# Attaching indices to a dial



## phydaux

How do you attach the indices/numerals to a dial? Super glue just seems so classless to me.


----------



## Trayn

I've seen pin holes on the back of the dial. I'm not sure if that's for locating the indices or if they are actually a press fit.


----------



## PappyM3

It’s usually tiny holes, and the indices have pins that fit into the holes. You can then apply an glue/epoxy carefully applied to the back where the pins start to poke through.

If you want to make your own dials and apply indices, it might be difficult making the holes exactly where you need them because of how small they are and how precisely they need to be located.
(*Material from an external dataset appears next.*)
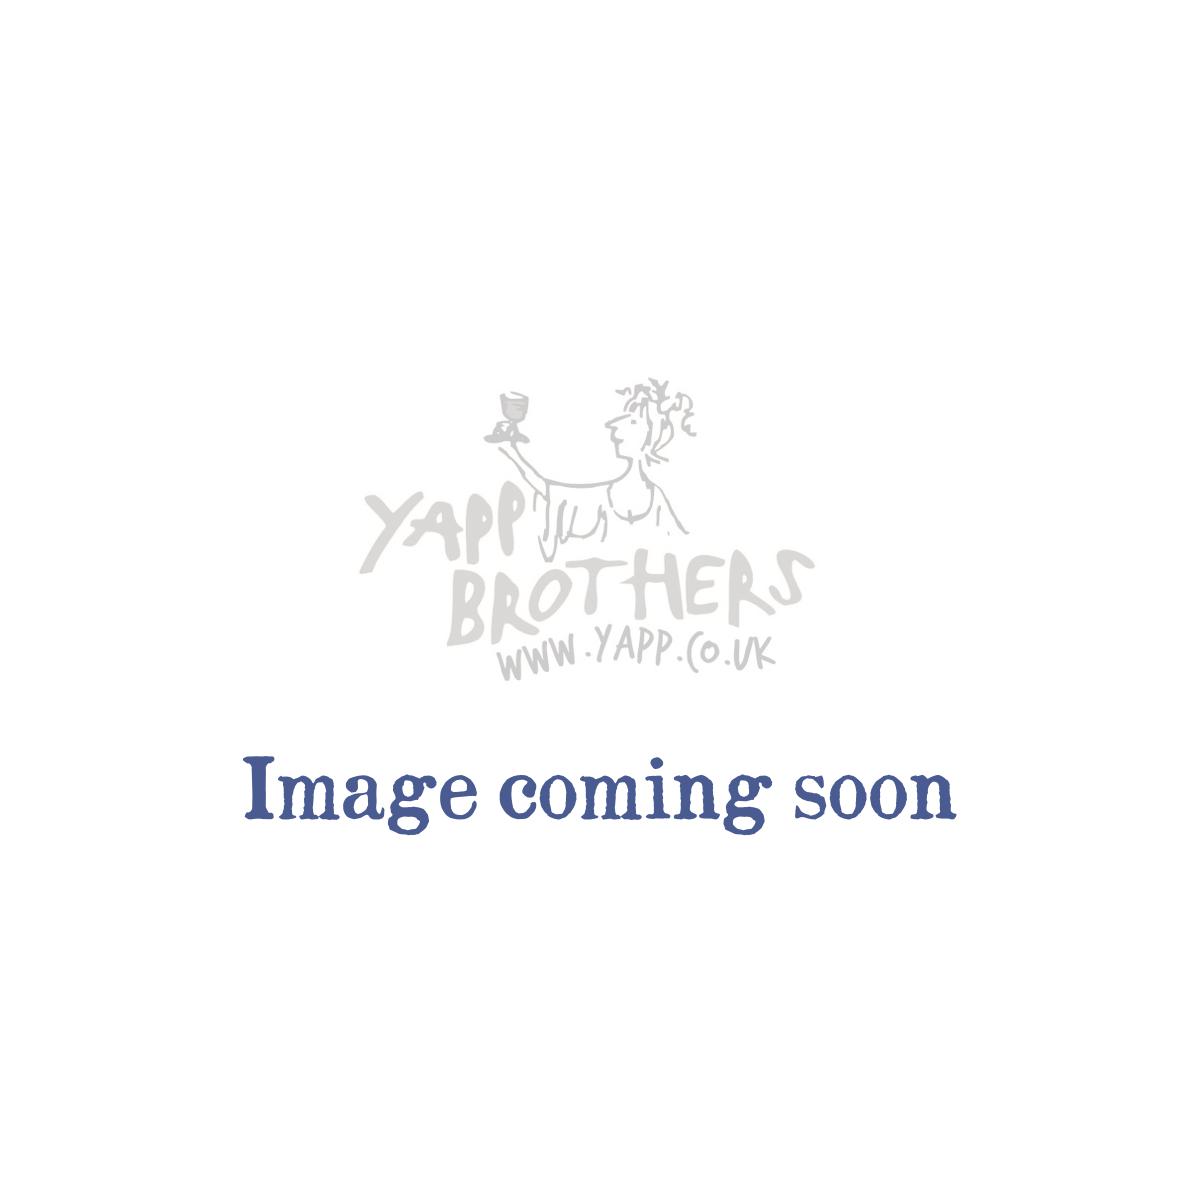 Lirac: Domaine Maby 'La Fermade' Rouge 2019 - Bottle Rear Label

I’m not sure exactly how dial manufacturers do it. Lasers maybe?


----------



## skipwilliams

PappyM3 said:


> It's usually tiny holes, and the indices have pins that fit into the holes. You can then apply an glue/epoxy carefully applied to the back where the pins start to poke through.
> 
> If you want to make your own dials and apply indices, it might be difficult making the holes exactly where you need them because of how small they are and how precisely they need to be located. I'm not sure exactly how dial manufacturers do it. Lasers maybe?


Likely CNC or gang drilling I would imagine

Skip

Sent from my iPad using Tapatalk


----------



## MechaMind

Pins and holes are the usual way which works best when doing the applica yourself .. together with the dial. If you would not plan to disassemble the dial again the applica are rivetted in tbe classic way


----------



## MechaMind

Backside with pins

https://www.watchuseek.com/asset.php?fid=8116354&uid=244286&d=1485207938

Frontside 
https://www.watchuseek.com/asset.php?fid=8123802&uid=244286&d=1485286820

Dial with holes
https://www.watchuseek.com/asset.php?fid=8130618&uid=244286&d=1485363454

Assembled
https://www.watchuseek.com/asset.php?fid=8141418&uid=244286&d=1485456665

For the pin holes any kind of position drilling is feasible.. even to print the pattern 1:1 on paper and to punch them through to get that drilling marks


----------



## StufflerMike

Cutting is one option

https://www.watchuseek.com/f8/glash...making-4104346-post39326650.html#post39326650


----------



## Shogun506

I once had a number indicator (stick) fall off of a dial of one of my watches. I opened it up to try and get it back onto the dial and I was was worried I would not be able to place it properly. I was surprised to find it had a tiny foot at slipped into an unseen pinhole on the dial and therefore was super easy to place into proper position. The holes don't have to go through the dial to be effective.


----------